Video

Importance and the Process of PSMA PET Imaging in mCRPC

Jeremie Calais, MD, comments on how PSMA PET scans have changed the treatment landscape for patients with mCRPC and describes the process for obtaining a PSMA PET scan, including what patients should know before, during and after the scan.

Alicia Morgans, MD: Jeremie, can you talk about the importance of imaging in prostate cancer, [such as] PSMA [prostate-specific membrane antigen] PET [positron emission tomography] imaging, that [may] give us [clearer] understanding of the extent of disease?

Jeremie Calais, MD, MSc: I can reemphasize the imaging point of view as an imaging specialist. With PSMA, we use the overexpression of [the] PSMA protein to get great contrasting images. The signal on the images is very high and never seen before [with] prior imaging techniques, [and] we see [it] because of the relevance of PSMA for prostate cancer. We started at UCLA [University of California, Los Angeles, CA] in 2016, and we’ve seen a rapid [uptick in] both physicians and patients coming from all over to get the scan for various purposes. You can stage the disease earlier and better so you [can] see where the disease is, and based on that, you can treat it more adequately. If the disease is localized, you would have a different treatment than if it had spread to the lymph nodes or somewhere else. You can pinpoint targeted therapy if the disease is already limited, and you can do various treatments once you know where the disease is. As Doctor Rettig just said, it is recommended for recurrence and staging. These are the two recommendations approved by the FDA, but [they] are in practice here at UCLA; any patient with prostate cancer [will need] a scan to choose the best treatment option for their stage.
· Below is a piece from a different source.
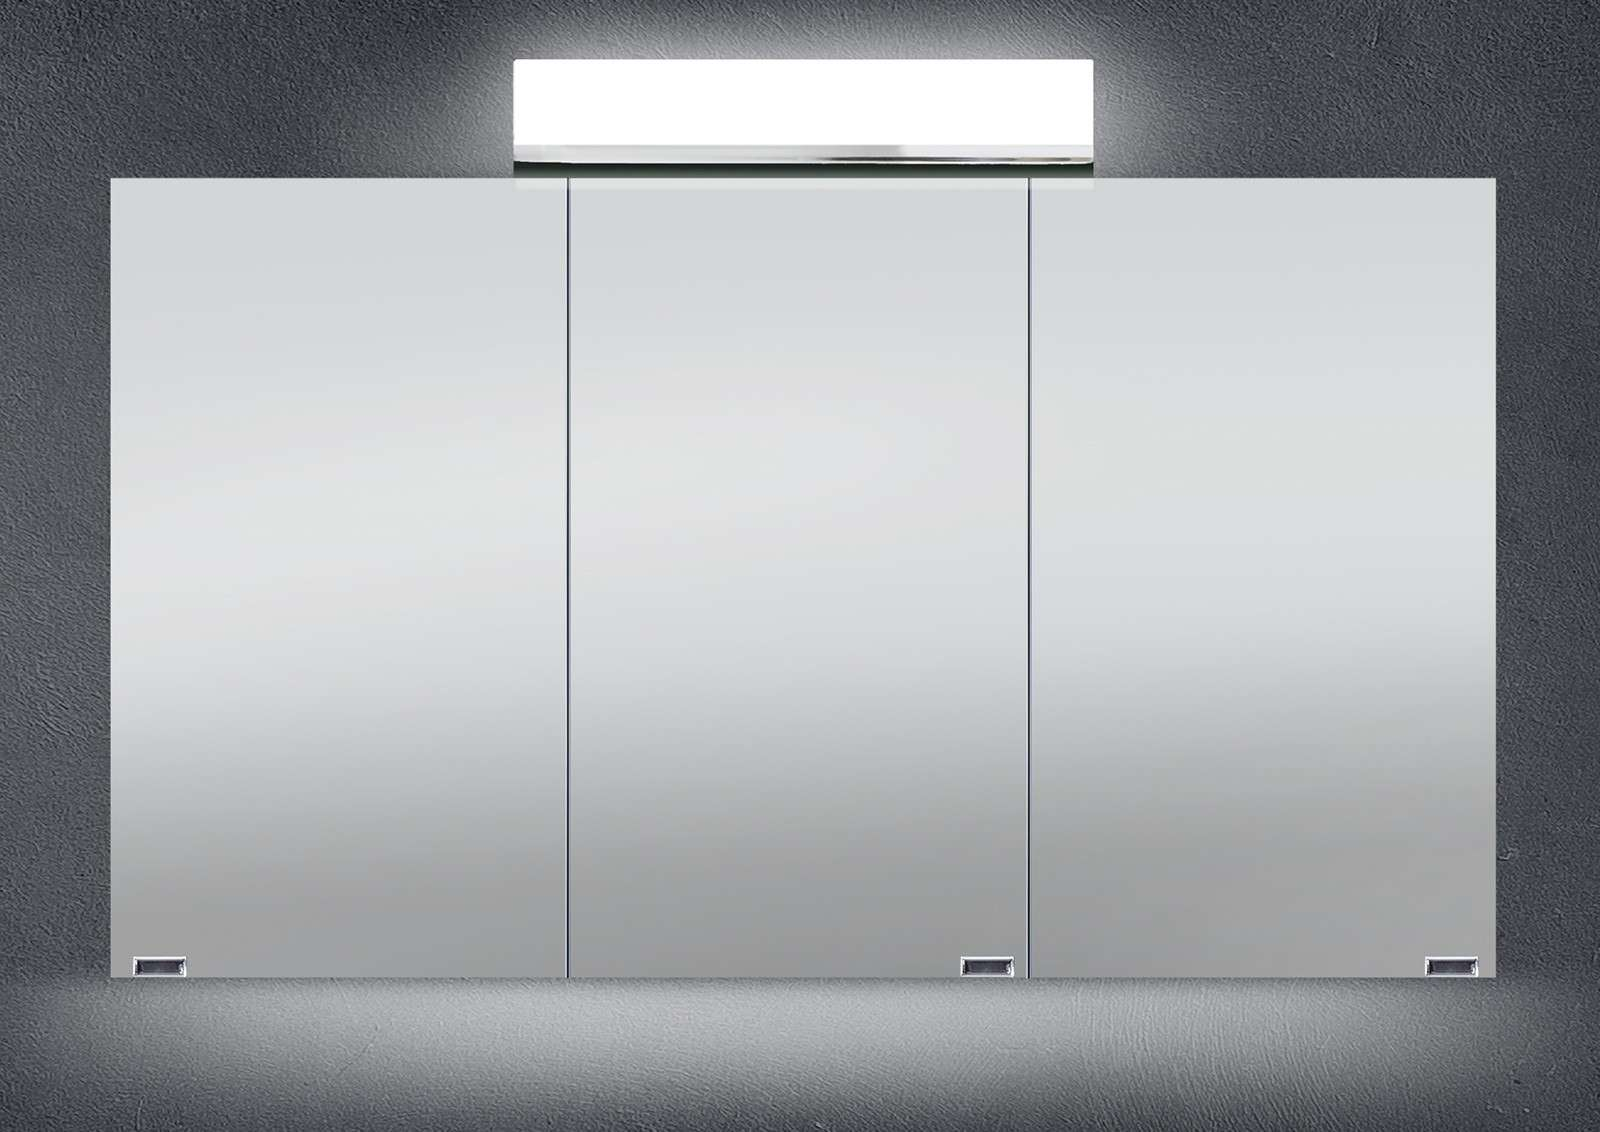 spiegelschrank bad 120 cm led beleuchtung doppelseitig verspiegelt ... - Badezimmer Spiegelschränke Mit Beleuchtung
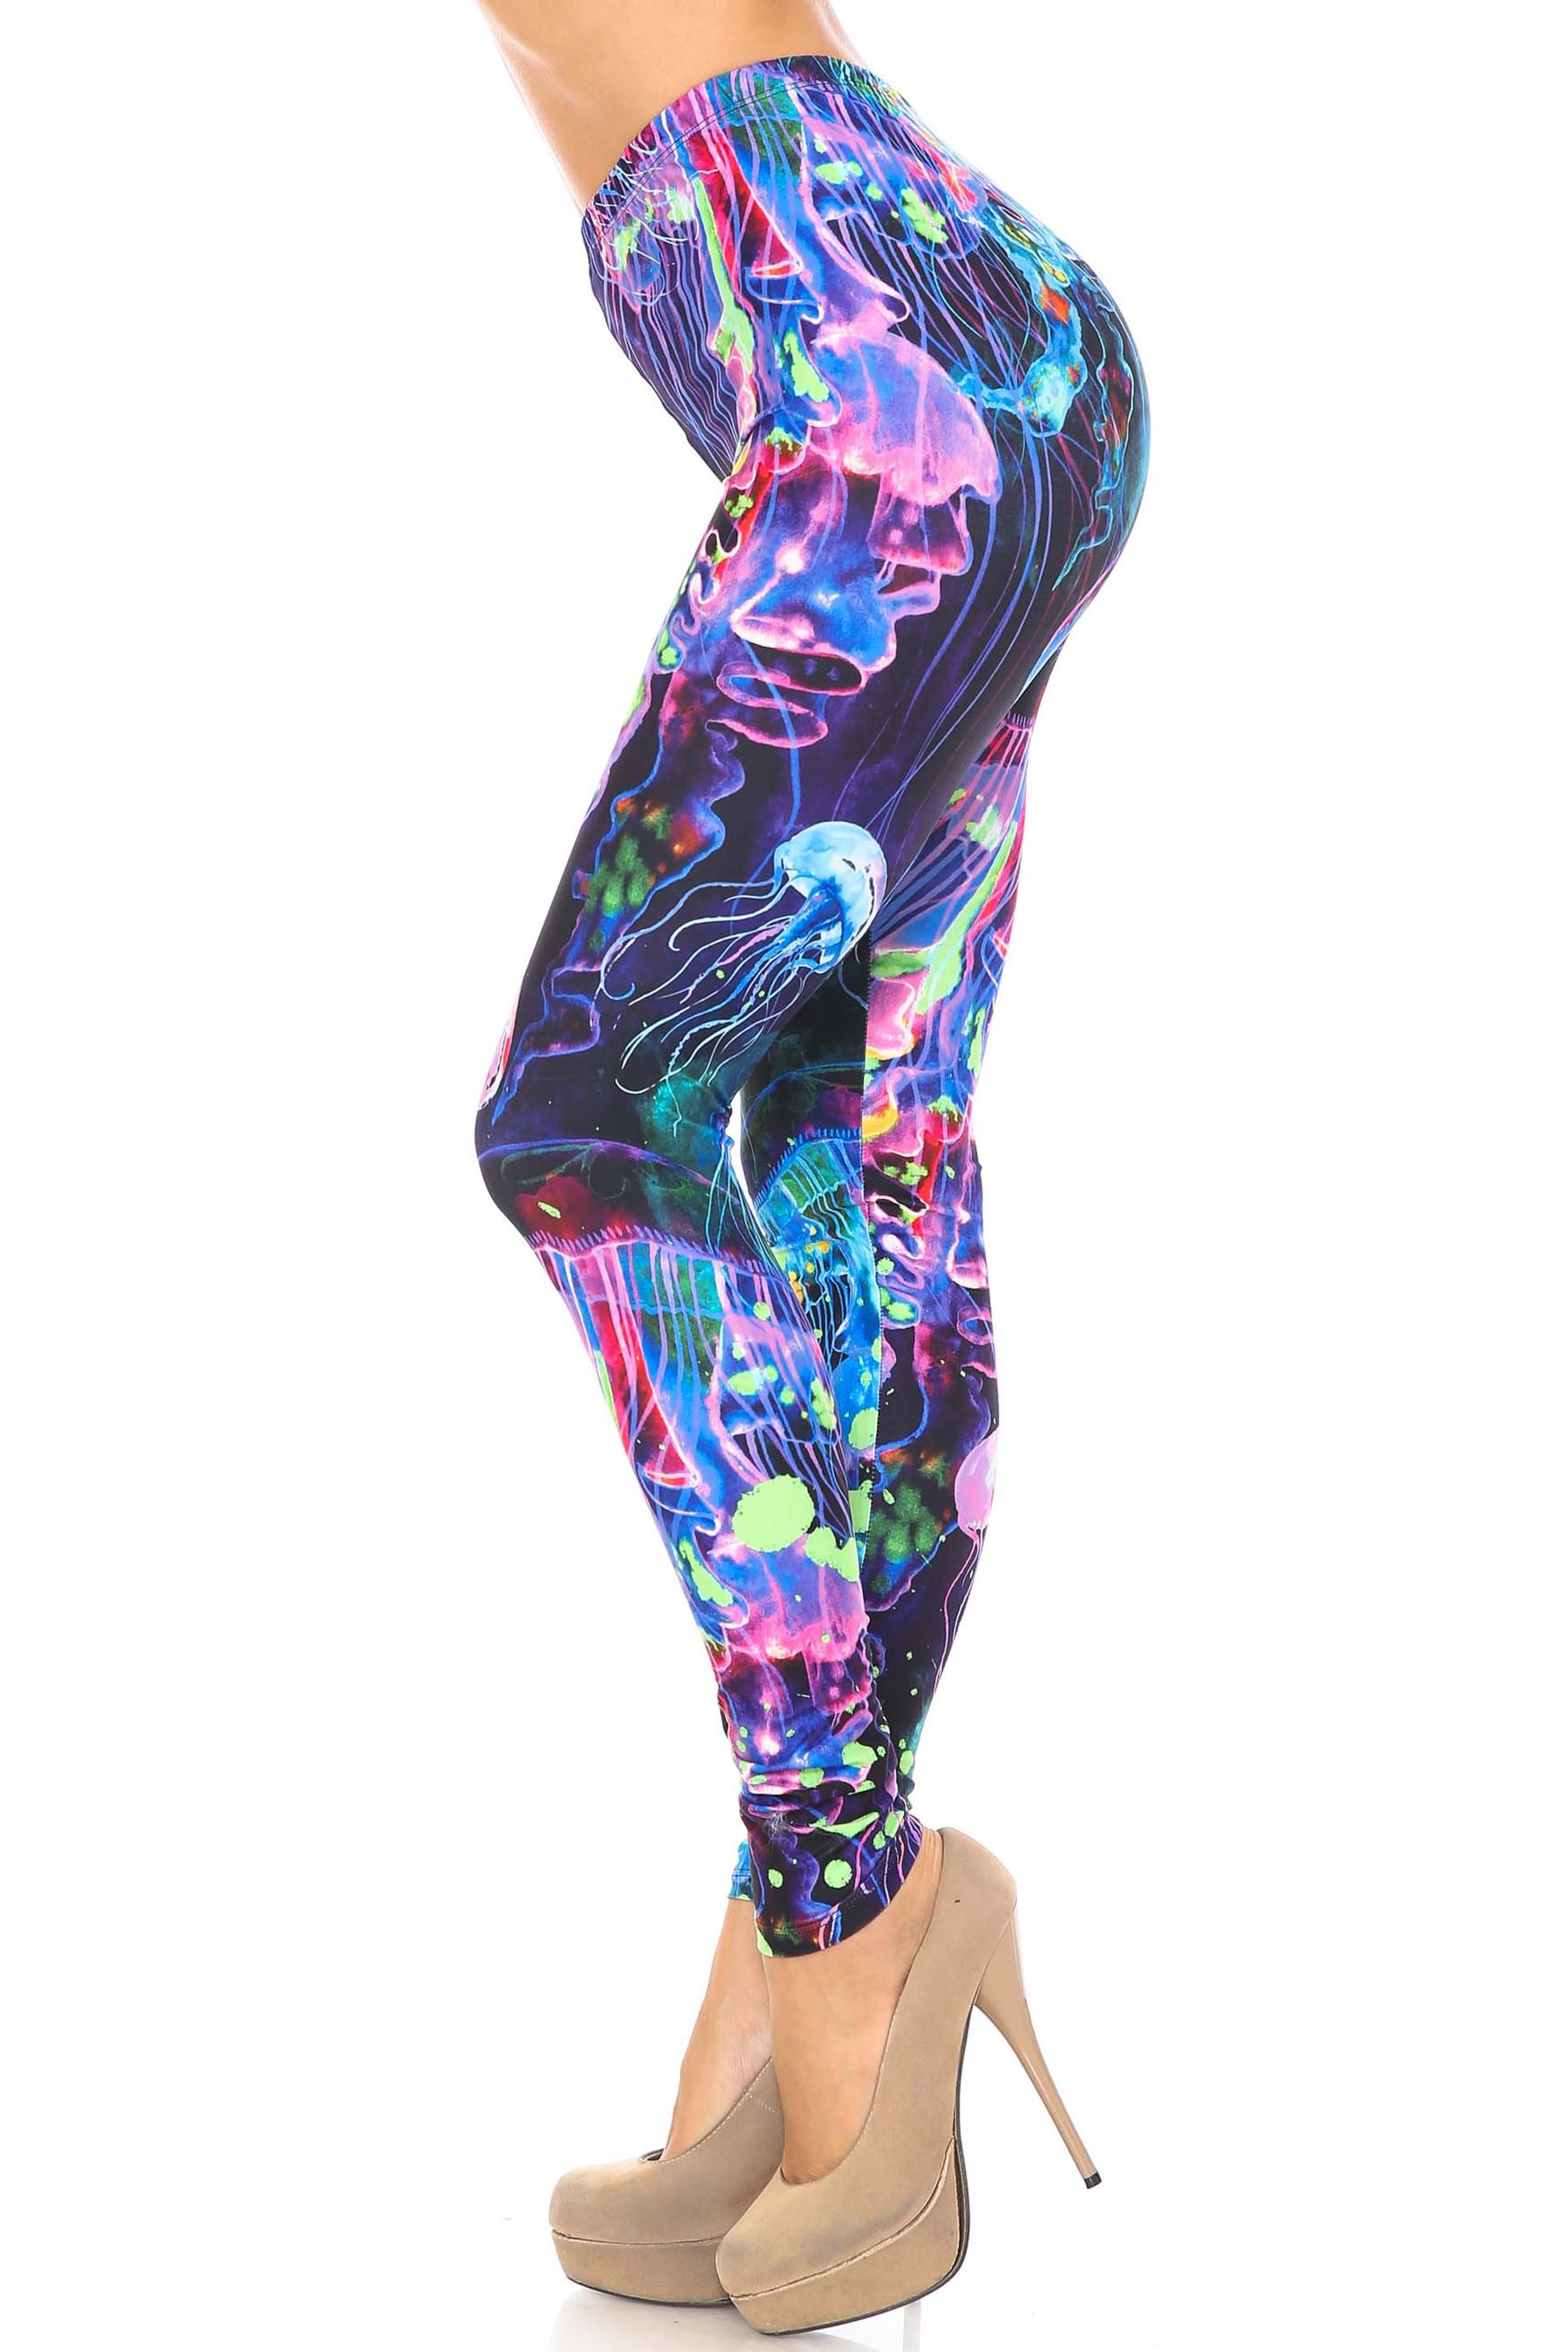 Creamy Soft Luminous Jelly Fish Leggings - USA Fashion™

Alicia Morgans, MD: The recommendations and guidance are changing because [of] new approvals in the metastatic castration-resistant prostate cancer setting that may require PSMA PET imaging to identify patients who may be eligible for [particular] treatment. More and more patients are getting these scans. Jeremie, what [is] the process of getting a PSMA PET scan like? What does it entail?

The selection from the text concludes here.